───── Given material

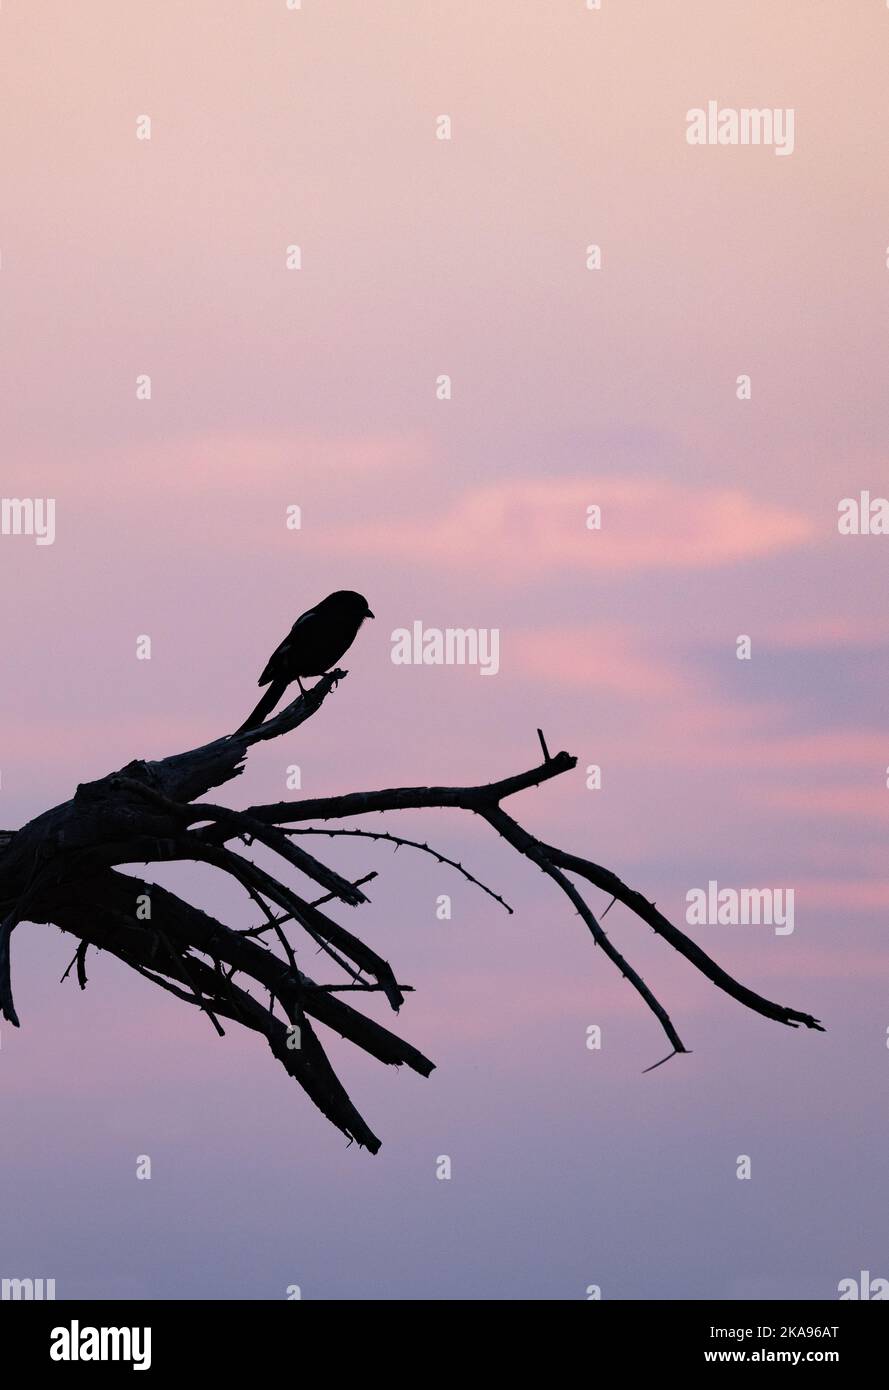 Tramonto - sera cielo rosso al crepuscolo con uccello e albero in silhouette, Botswana Africa. Concetto di pace e tranquillità Foto Stock
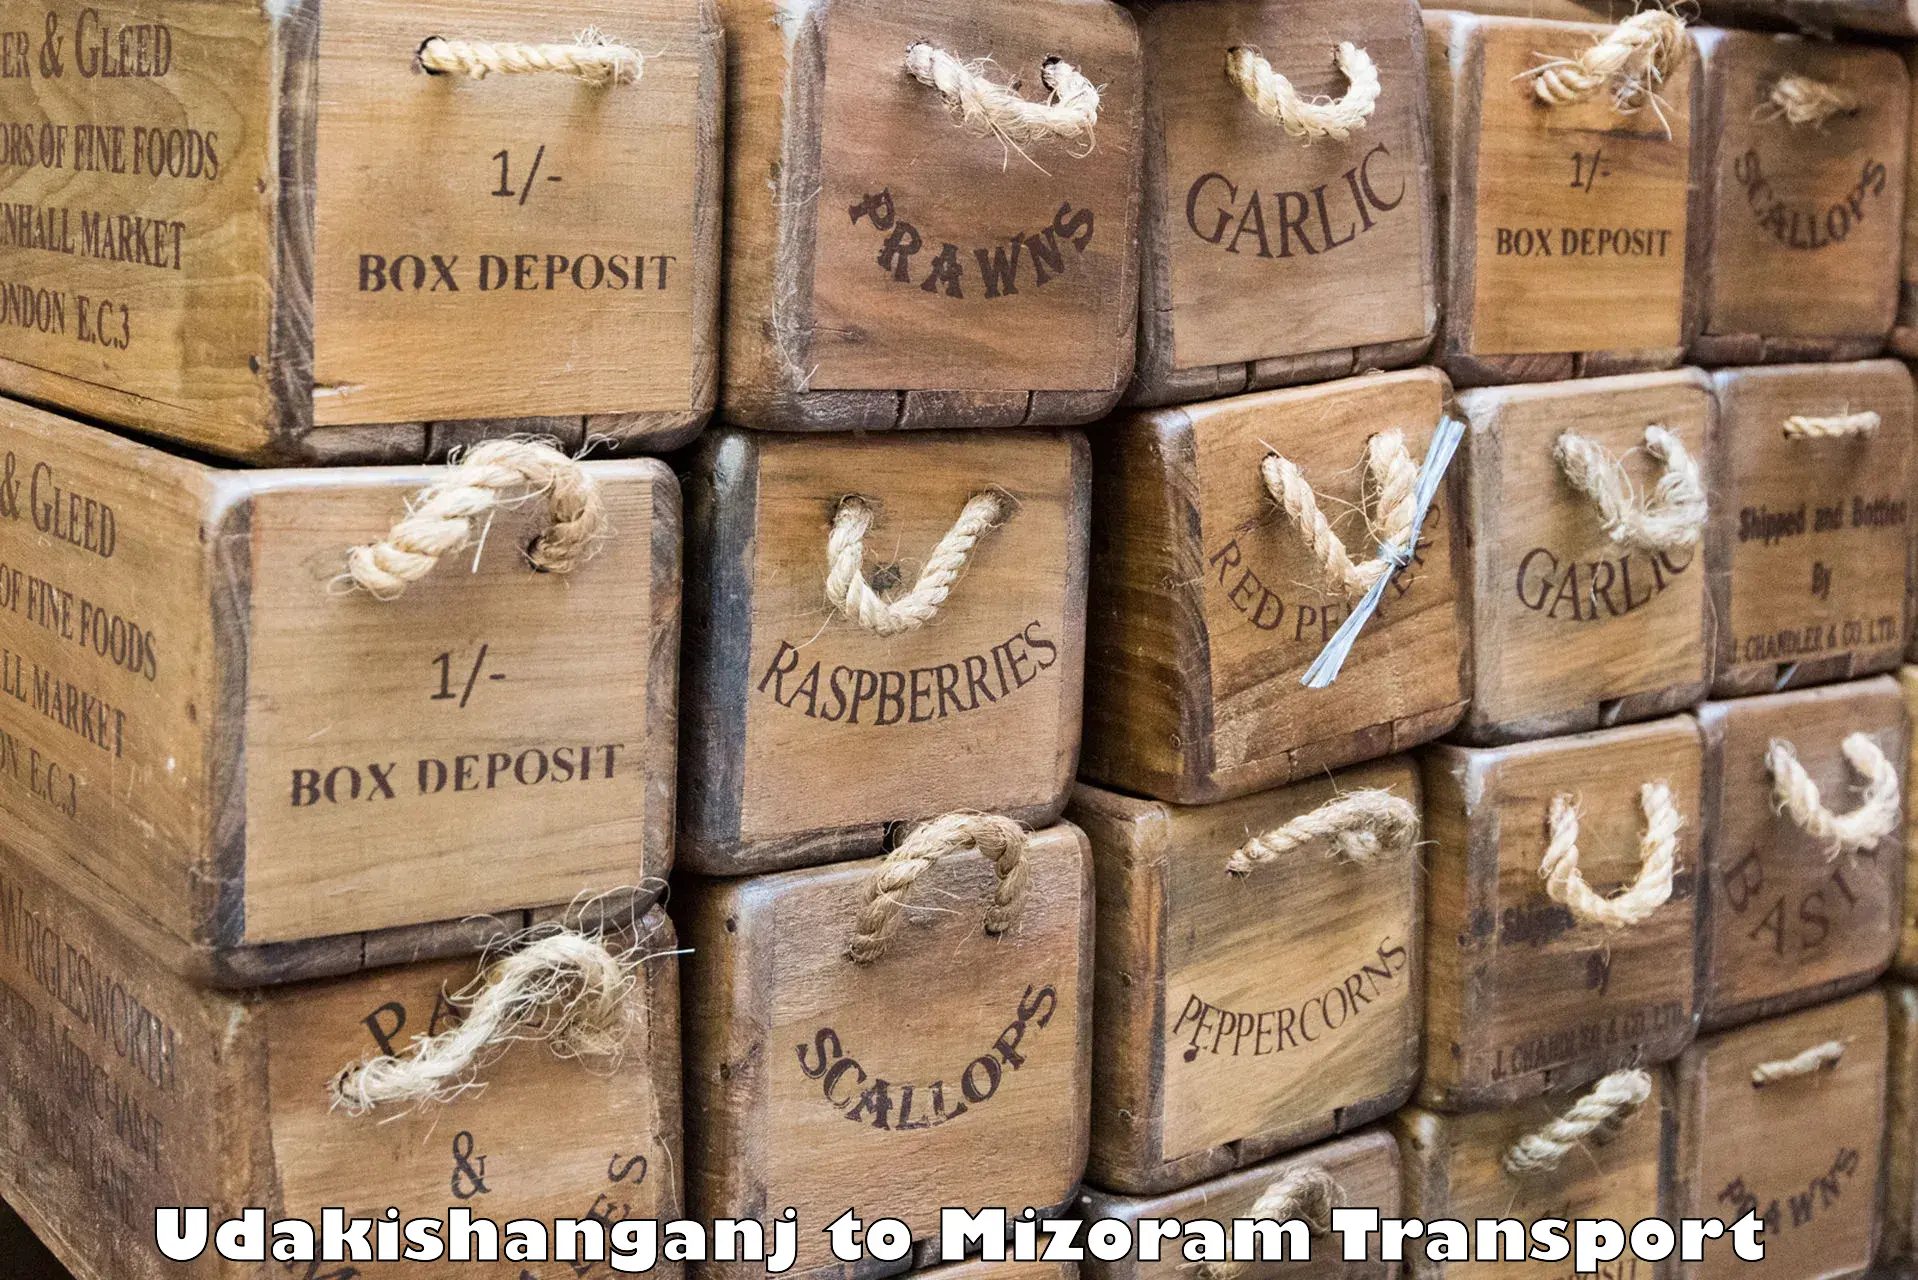 Cargo transport services in Udakishanganj to Thenzawl
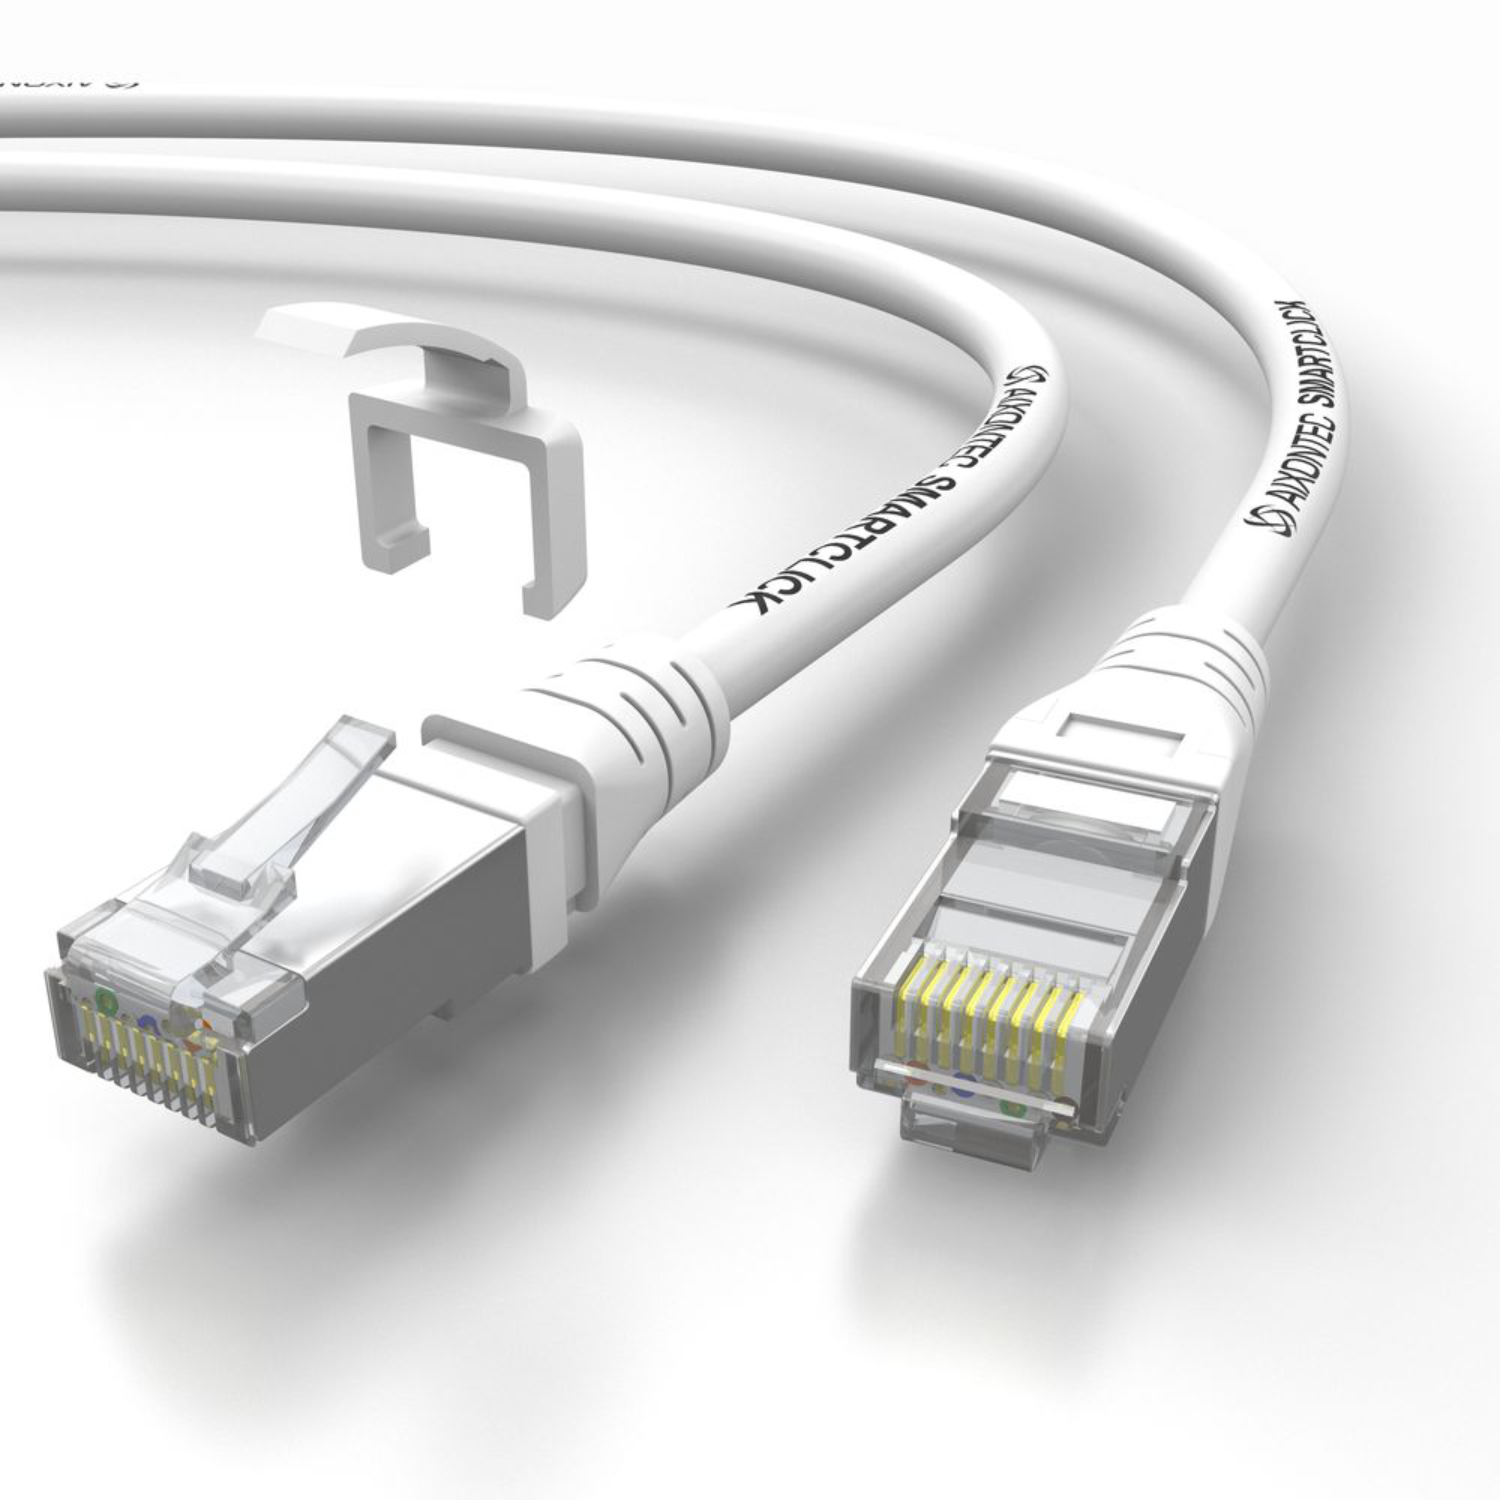 AIXONTEC 3,0m Cat.6A Lankabel m Netzwerkkabel, Patchkabel 3,0 Gigabit, RJ45 Ethernetkabel 10
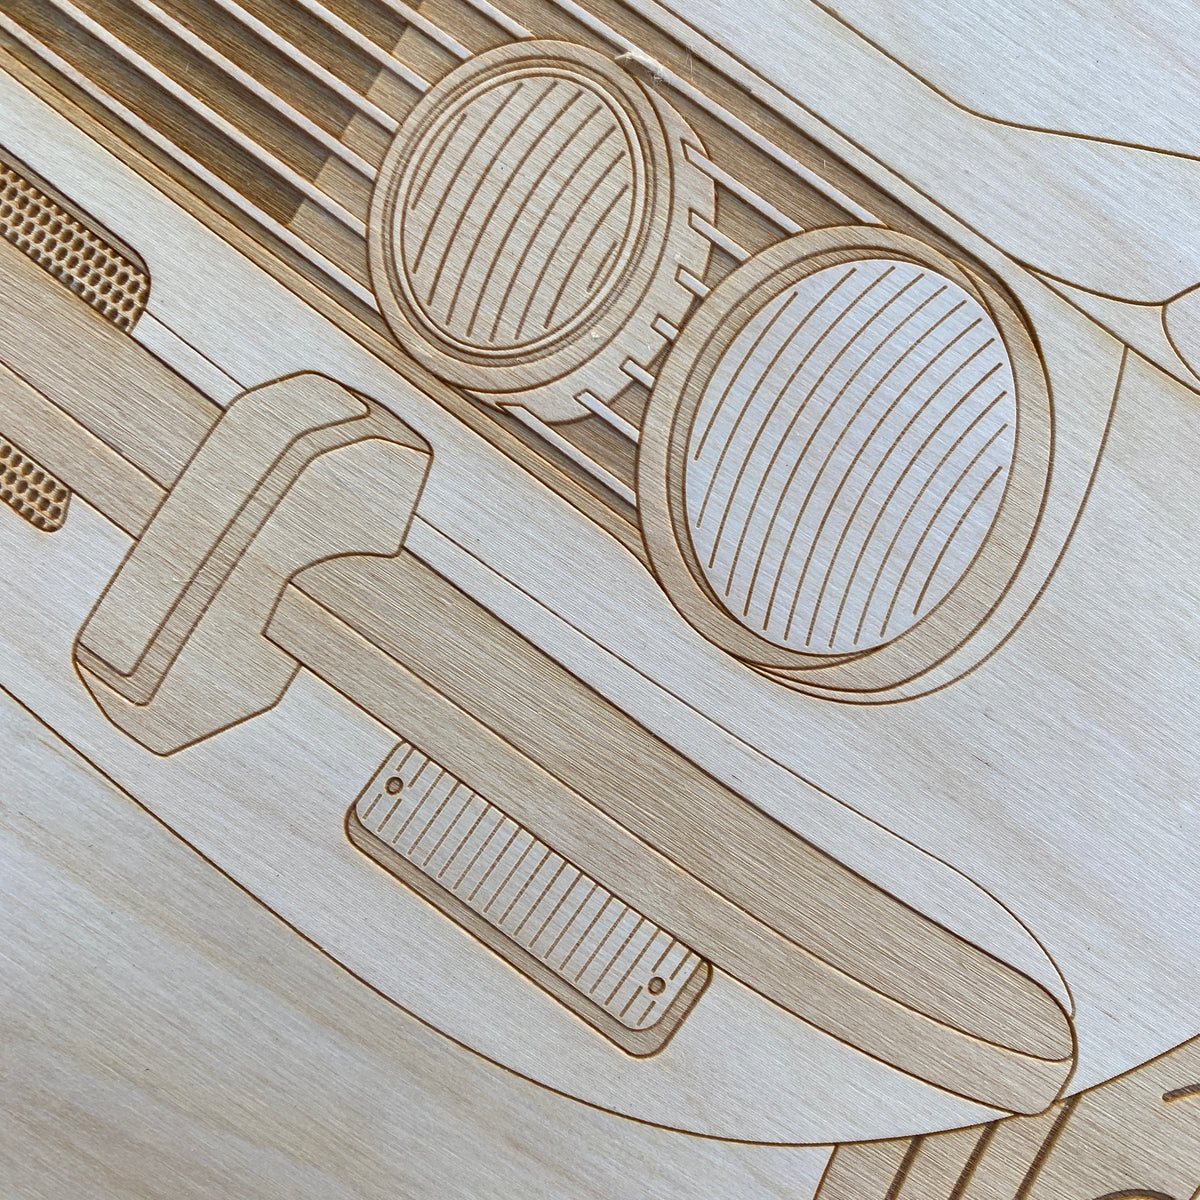 Alfa Romeo GTV Framed Wood Engraved Artwork

──────────

Exercise: Retype the whole of the data verbatim. Skip every picture.

Exercise output:
 Tramonto - sera cielo rosso al crepuscolo con uccello e albero in silhouette, Botswana Africa. Concetto di pace e tranquillità Foto Stock
 Cargo transport services in Udakishanganj to Thenzawl
 AIXONTEC 3,0m Cat.6A Lankabel m Netzwerkkabel, Patchkabel 3,0 Gigabit, RJ45 Ethernetkabel 10
 Alfa Romeo GTV Framed Wood Engraved Artwork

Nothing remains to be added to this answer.